Meet the Engineer Who Published Scientific Papers Using His Own Lego Microscope

Meet the Engineer Who Published Scientific Papers Using His Own Lego Microscope

Engineer Yuksel Temiz got so fed up with the limitations of expensive microscopes that he built his own… out Lego.

Futurism interviewed Engineer Yuksel Temiz about his job photographing extremely tiny subjects as a microelectronics engineer at IBM’s Zurich Research Laboratory.

In laymen’s terms, Yuksel job involves dealing with microfluidics. Tiny, liquid-based circuits that, instead of using metal wires rely on the flow of liquid through hair-thin channels like a microscopic canal system.
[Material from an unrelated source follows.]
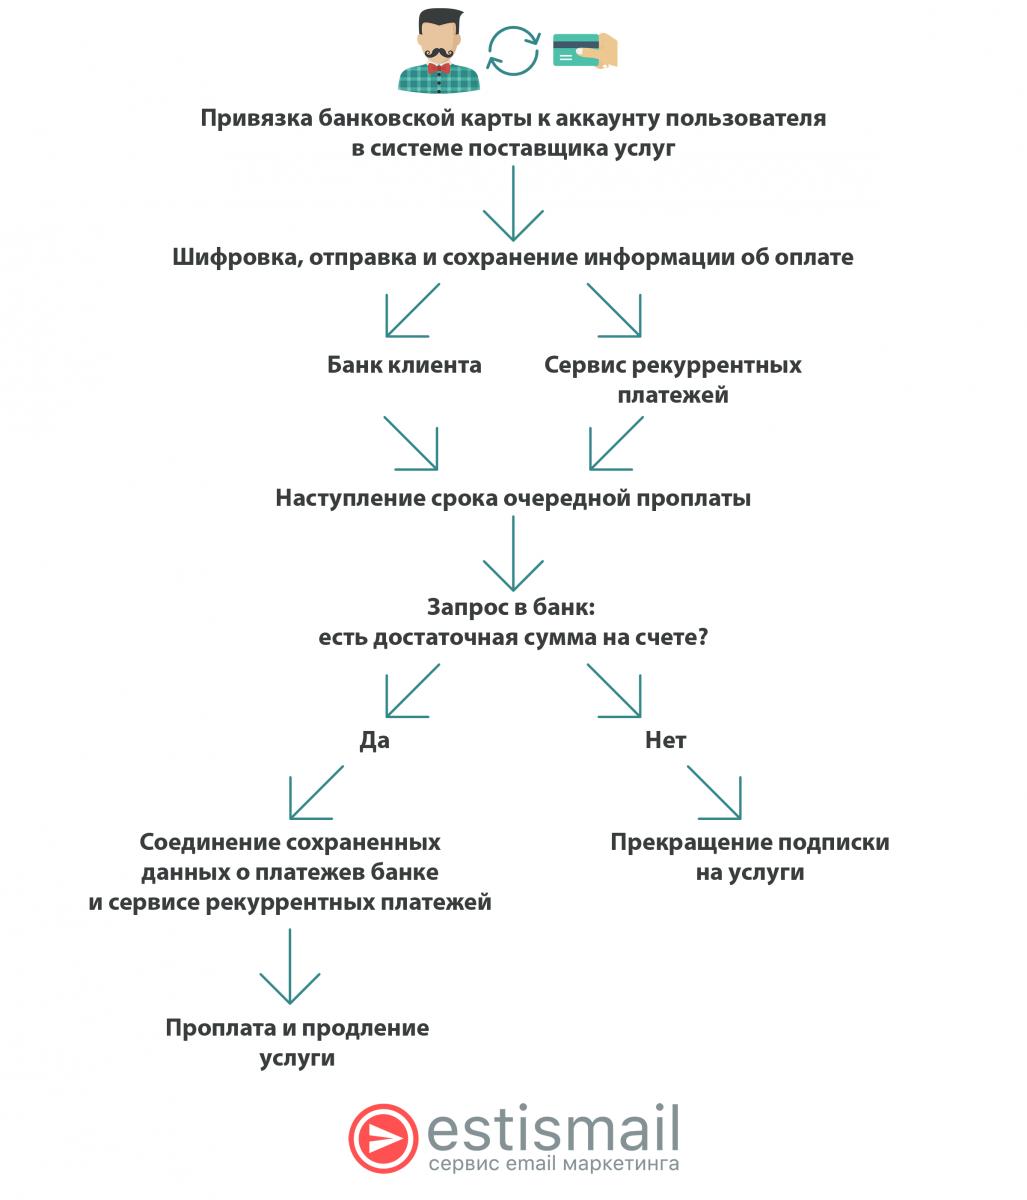 Инфографика: Как работают рекуррентные платежи на практике.
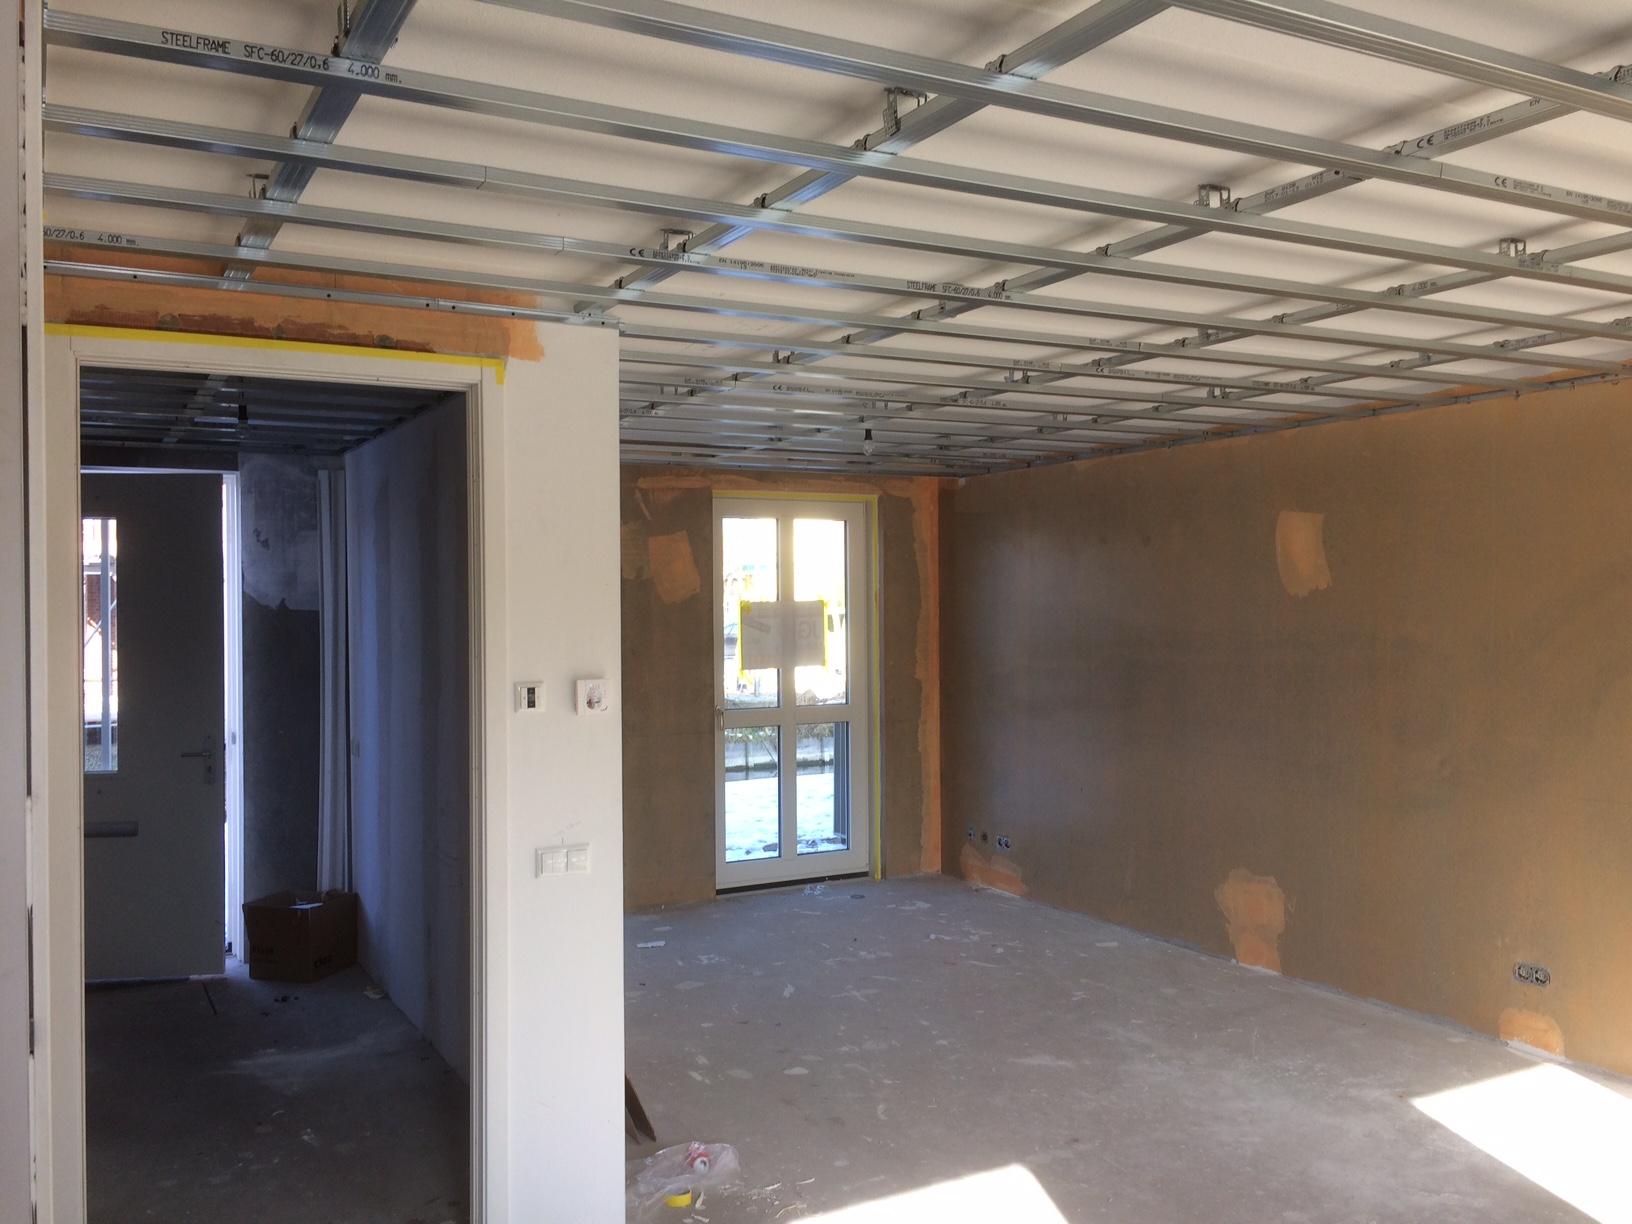 plafond verlagen cheap badkamer plafond met spotjes

This type of tech is critical in modern diagnostic tools that can take in and analyze samples (for example analysing a medical patient’s blood or saliva) but the problem Yuksel and his team face is that to actually develop and test those tools they have to rely on extremely expensive powerful microscopes.

Despite the cost, these microscopes have limitations and Yuskel got so fed up with them that he built his own. Impressively his microscope clocked in at only $300 because he made it out of Lego bricks. The device not only worked but images taken on it has been published in everything from Science Advances, Scientific Reports to Biomedical Microdevices!

Early prototypes of the design were completely 3D printed, but Yuskel moved over to Lego to allow the design to be more modular.

Best of all. You can build your own. Yuksel has released the designs so now anyone can have a cutting edge microscope providing they have the time, and bricks, to build it.